§ **REQUIRED WORK**
Copy the data below exactly. Any pictures in it should be omitted.

§ **DATASET EXCERPT**

-- Opening Marker --

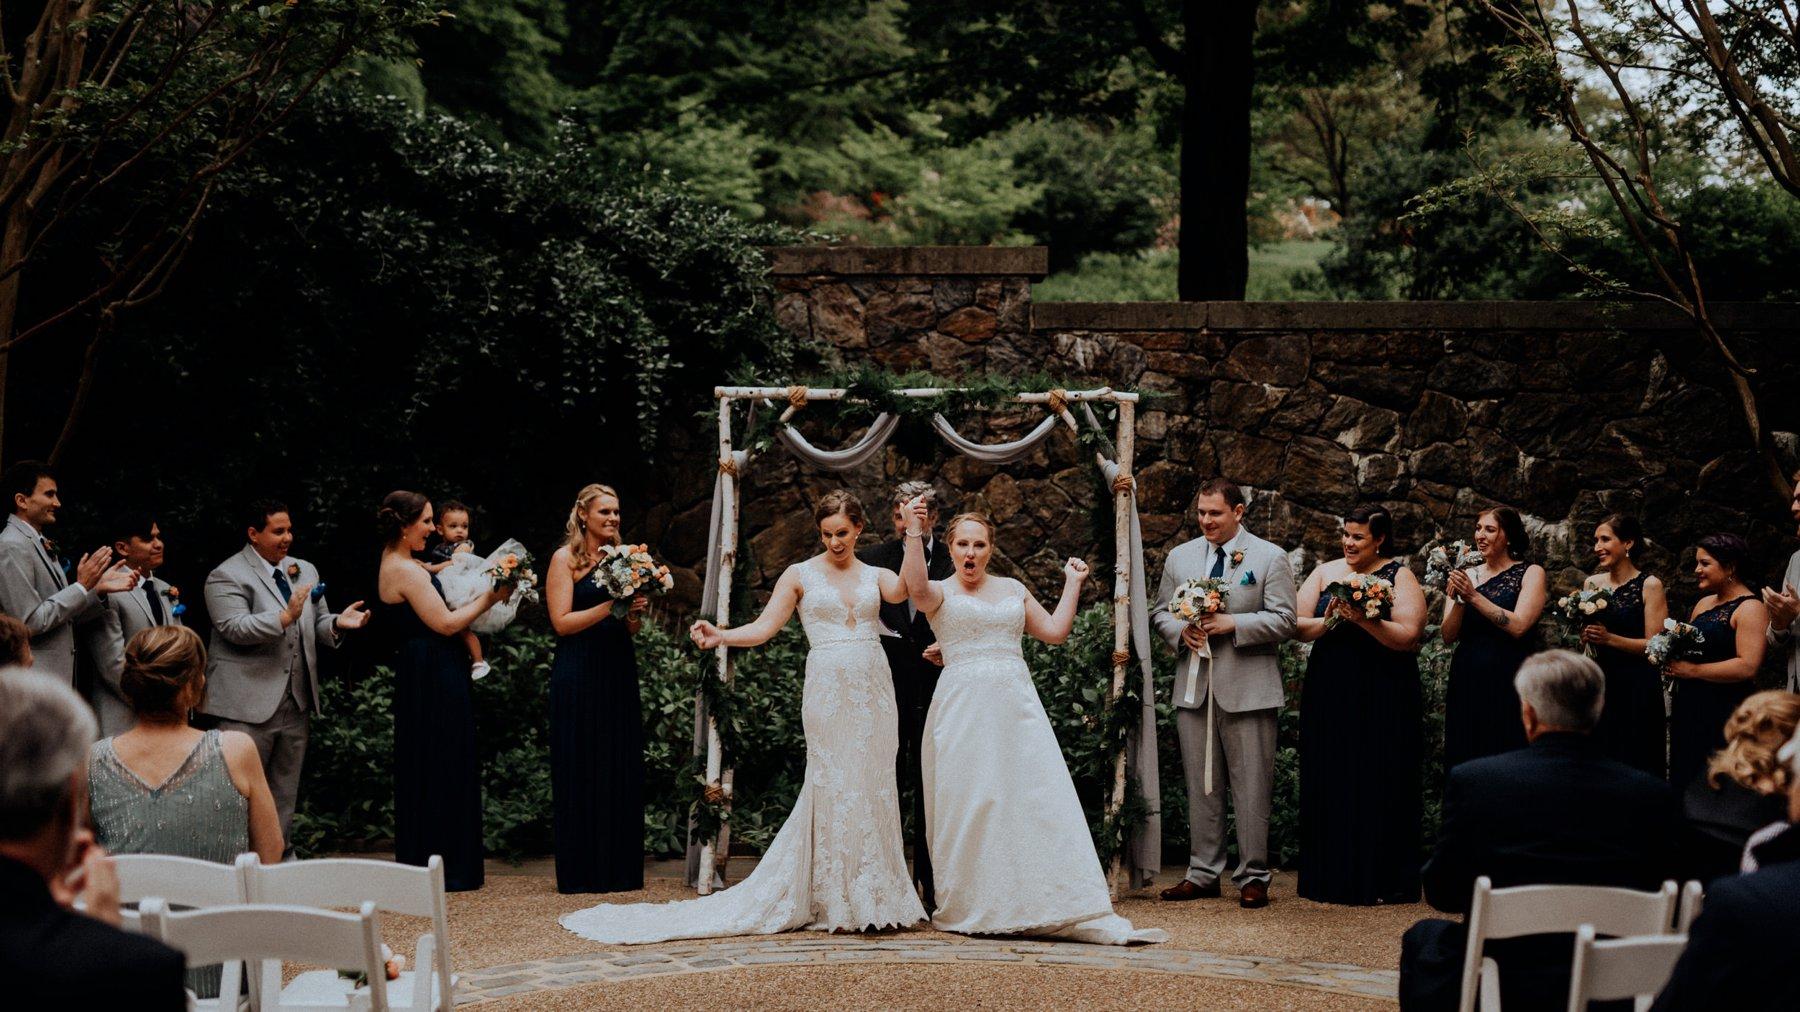 176-171-winterthur-wedding-12.jpg
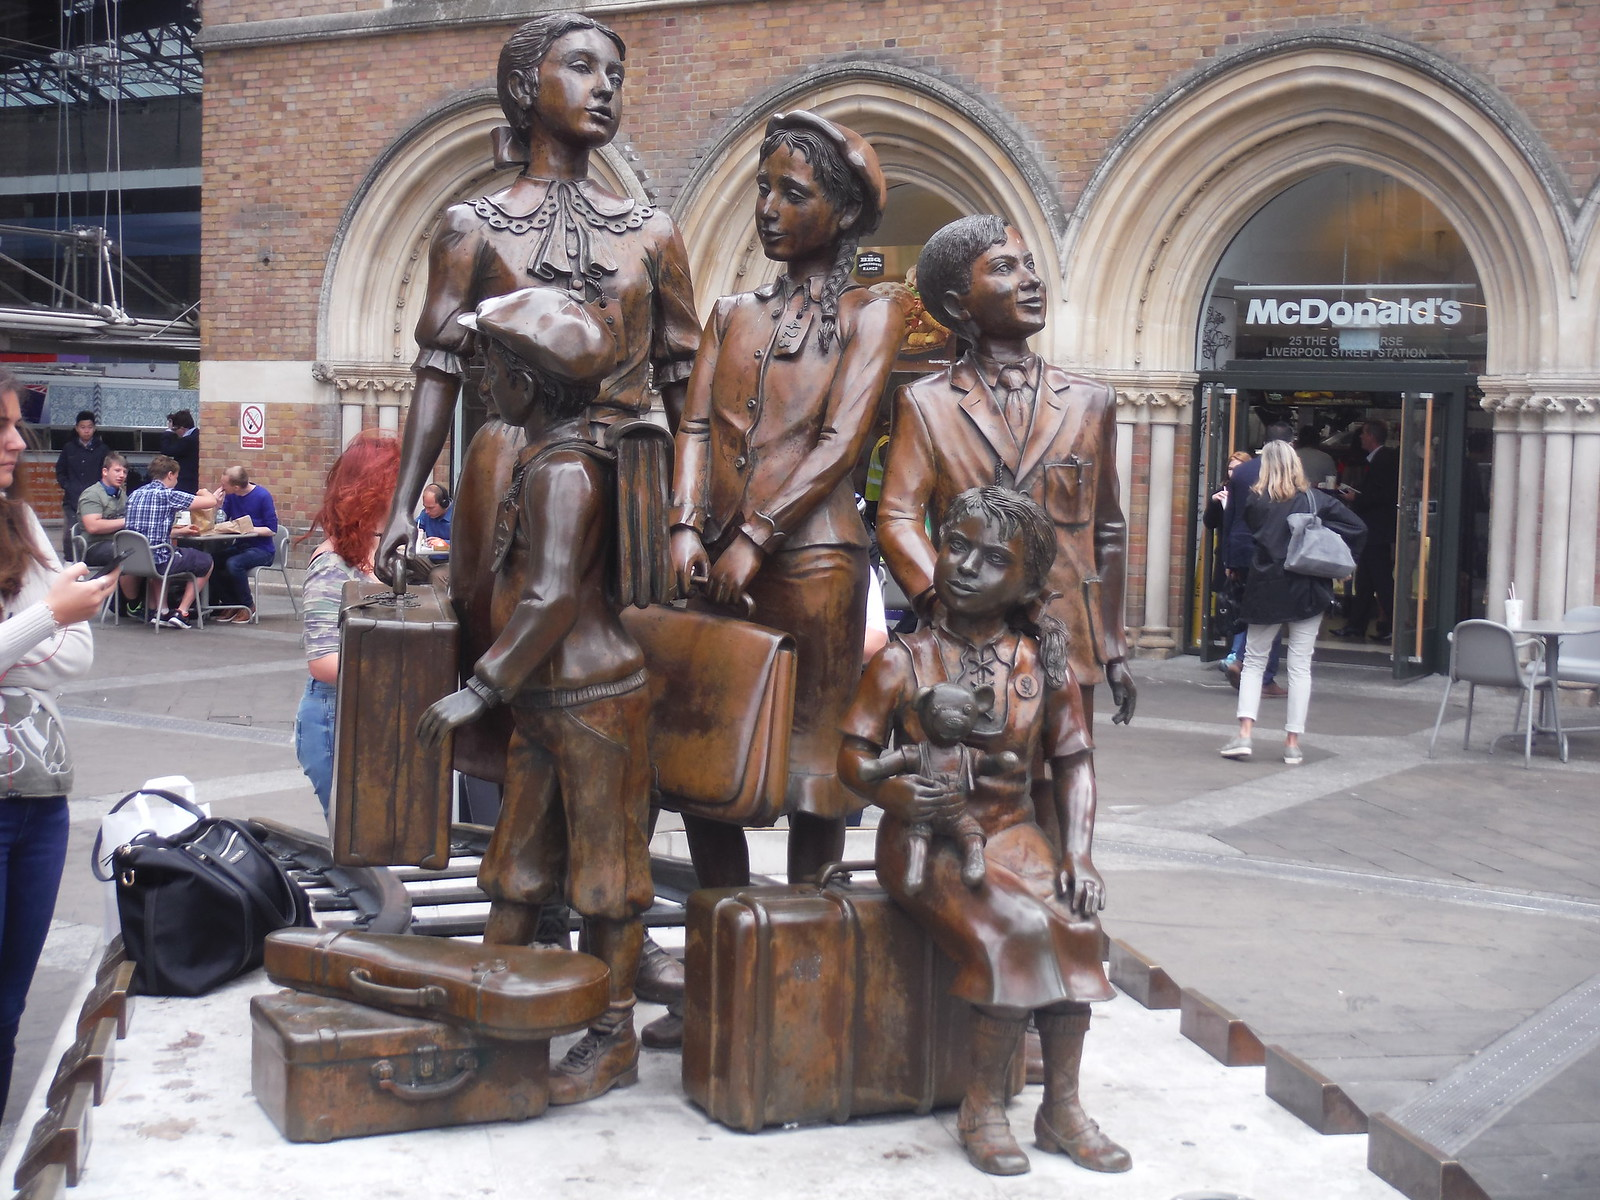 Kindertransport Memorial, Liverpool Street Station, Liverpool Street Exit: Start to the Walk SWC Walk Short 24 - Sculpture in the City
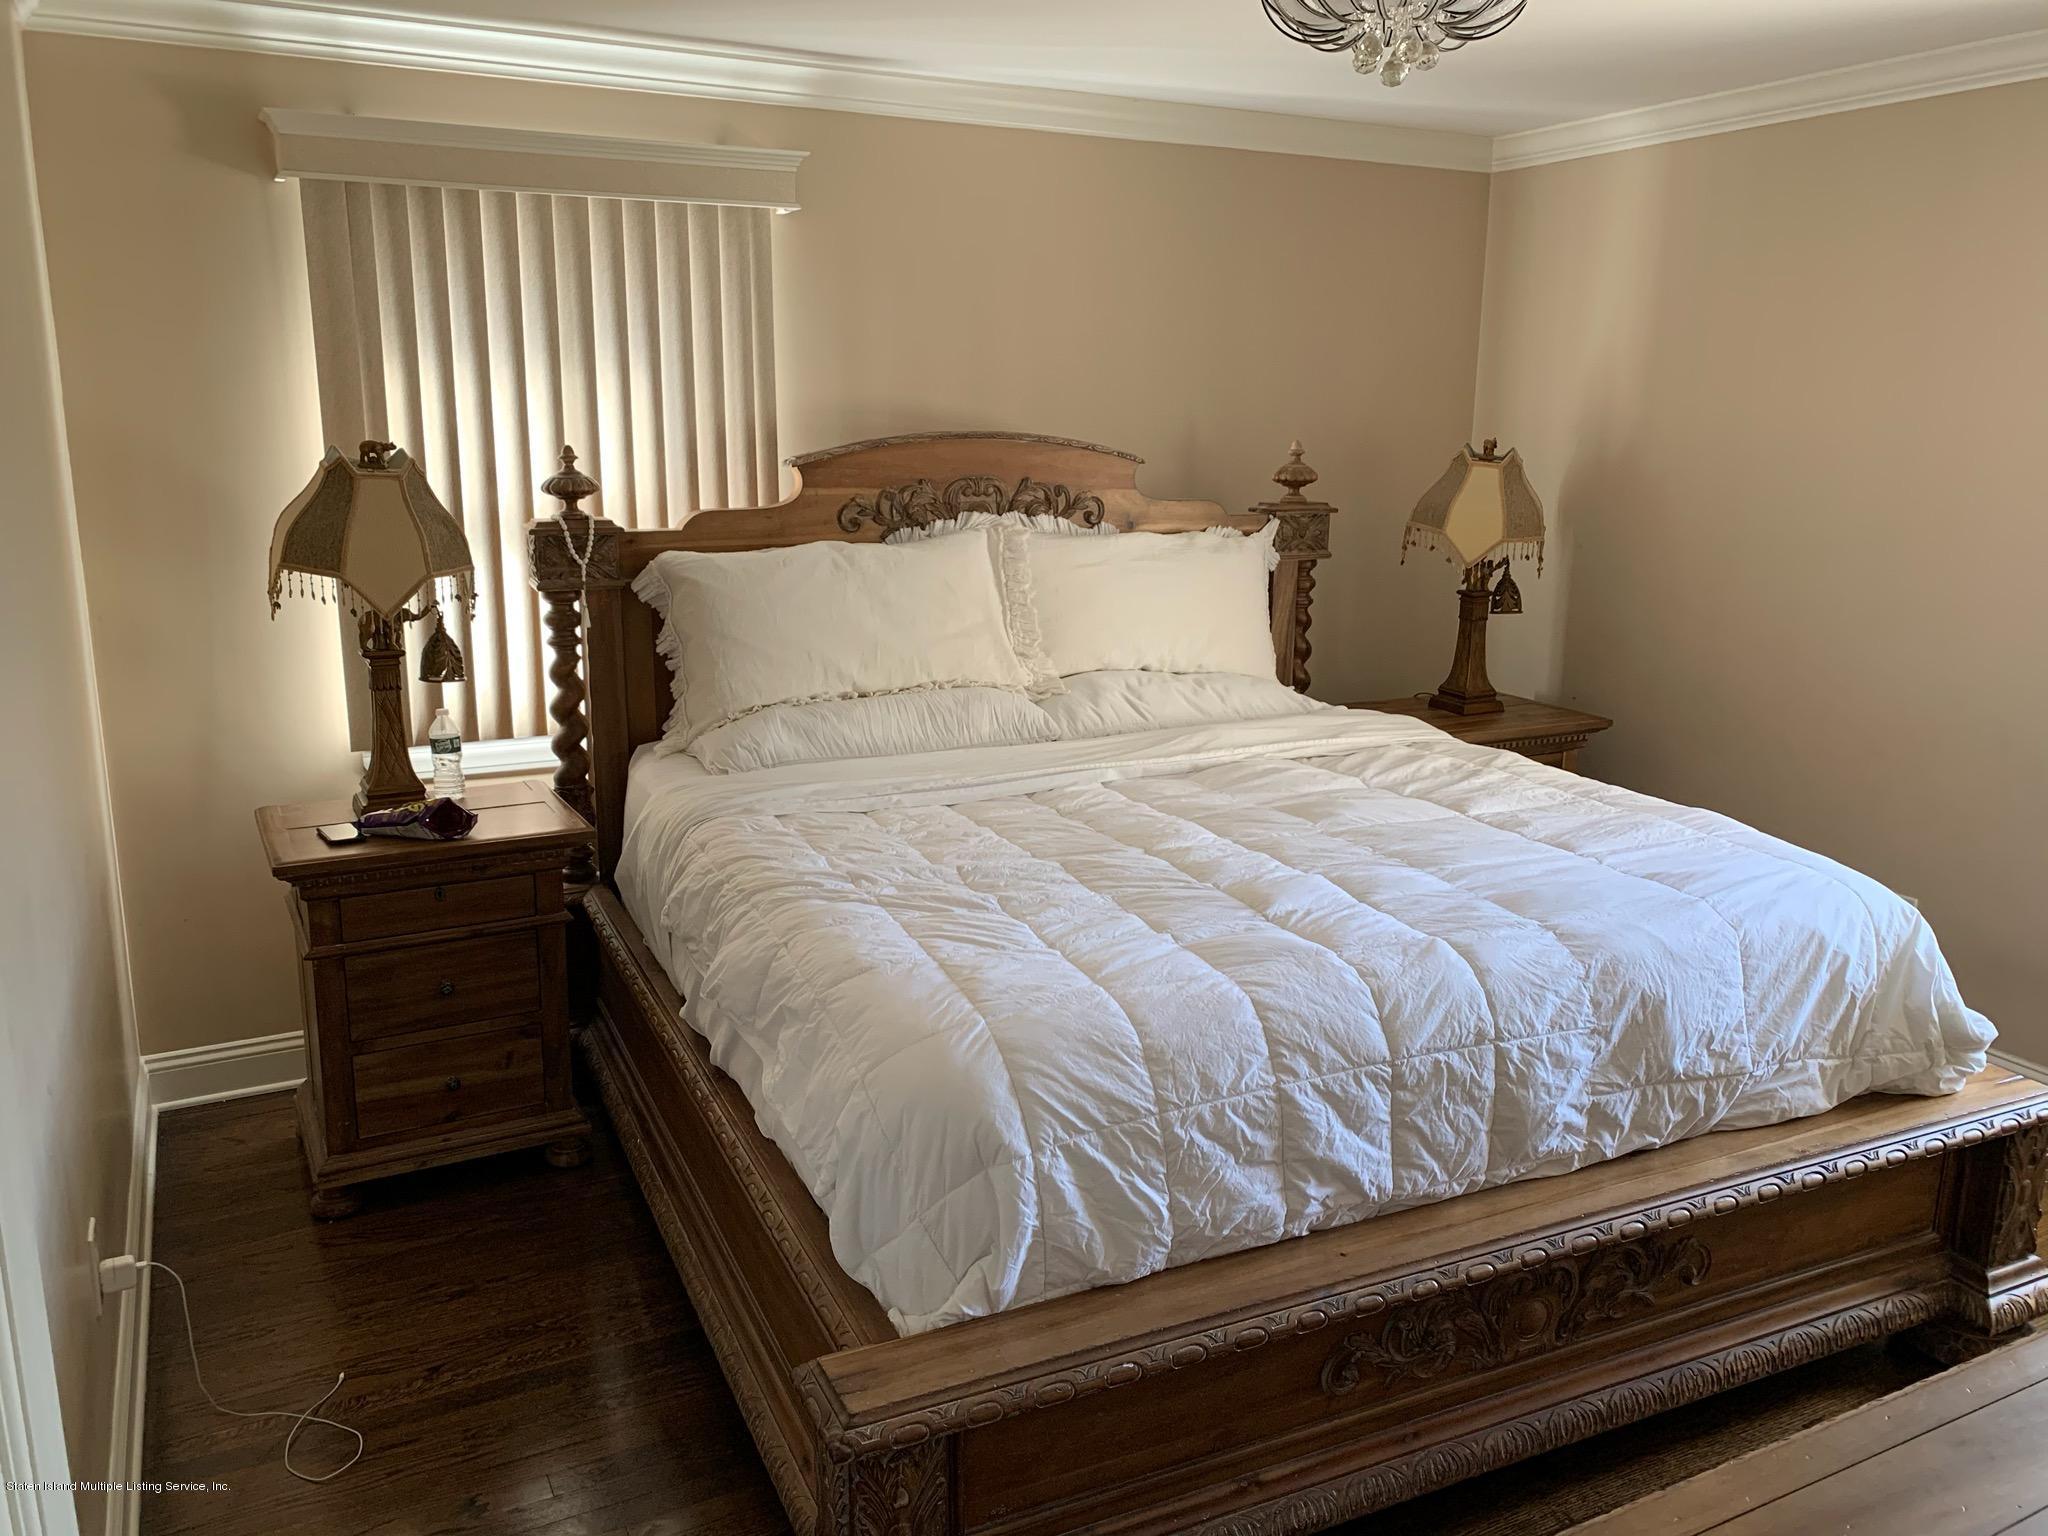 Single Family - Detached 58 Guyon Avenue  Staten Island, NY 10306, MLS-1135873-8
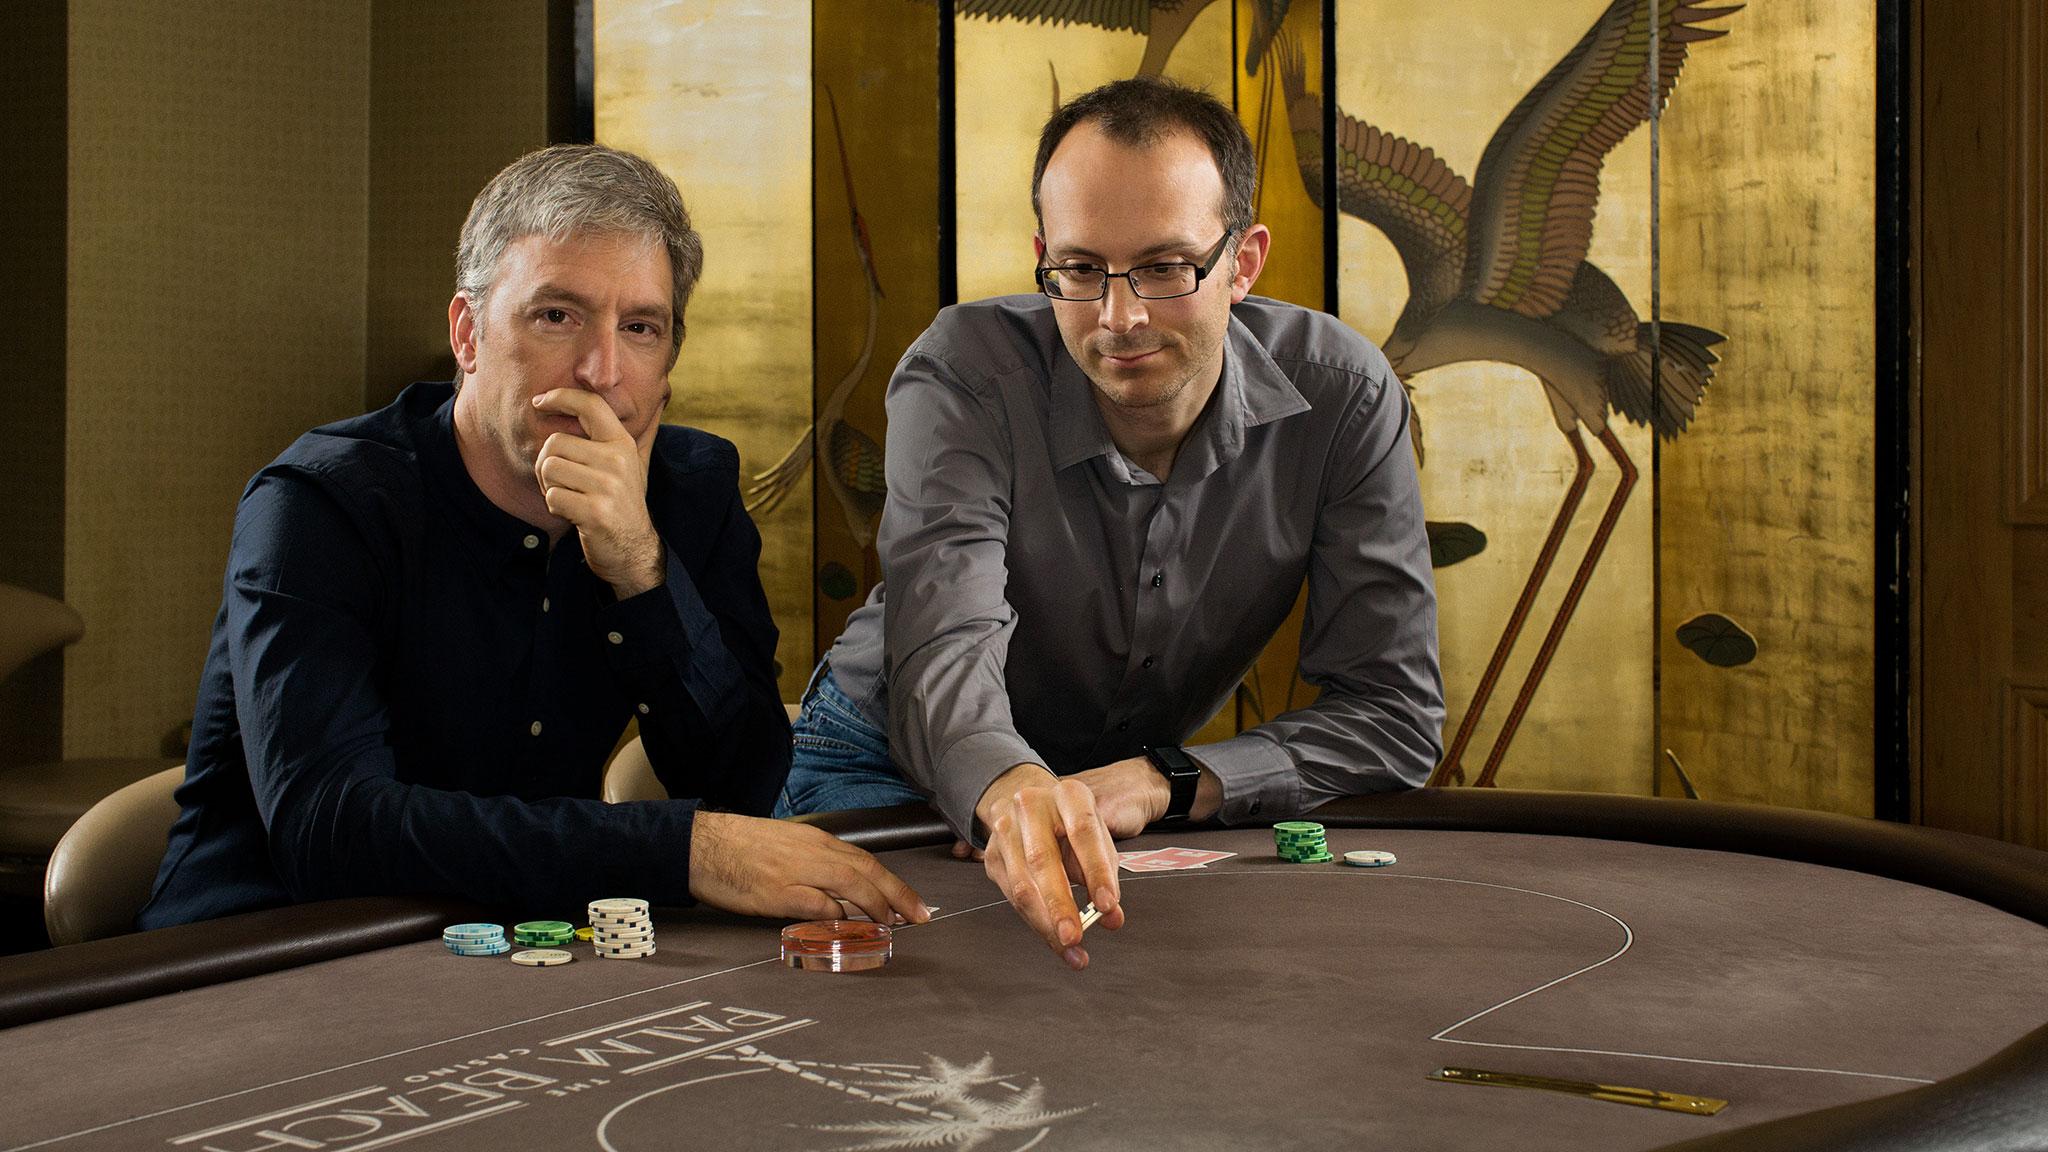 Poker With Steven Levitt Financial Times

-- Closing Marker --

§ **REPLY**
 176-171-winterthur-wedding-12.jpg
 Kindertransport Memorial, Liverpool Street Station, Liverpool Street Exit: Start to the Walk SWC Walk Short 24 - Sculpture in the City
 Single Family - Detached 58 Guyon Avenue  Staten Island, NY 10306, MLS-1135873-8
 Poker With Steven Levitt Financial Times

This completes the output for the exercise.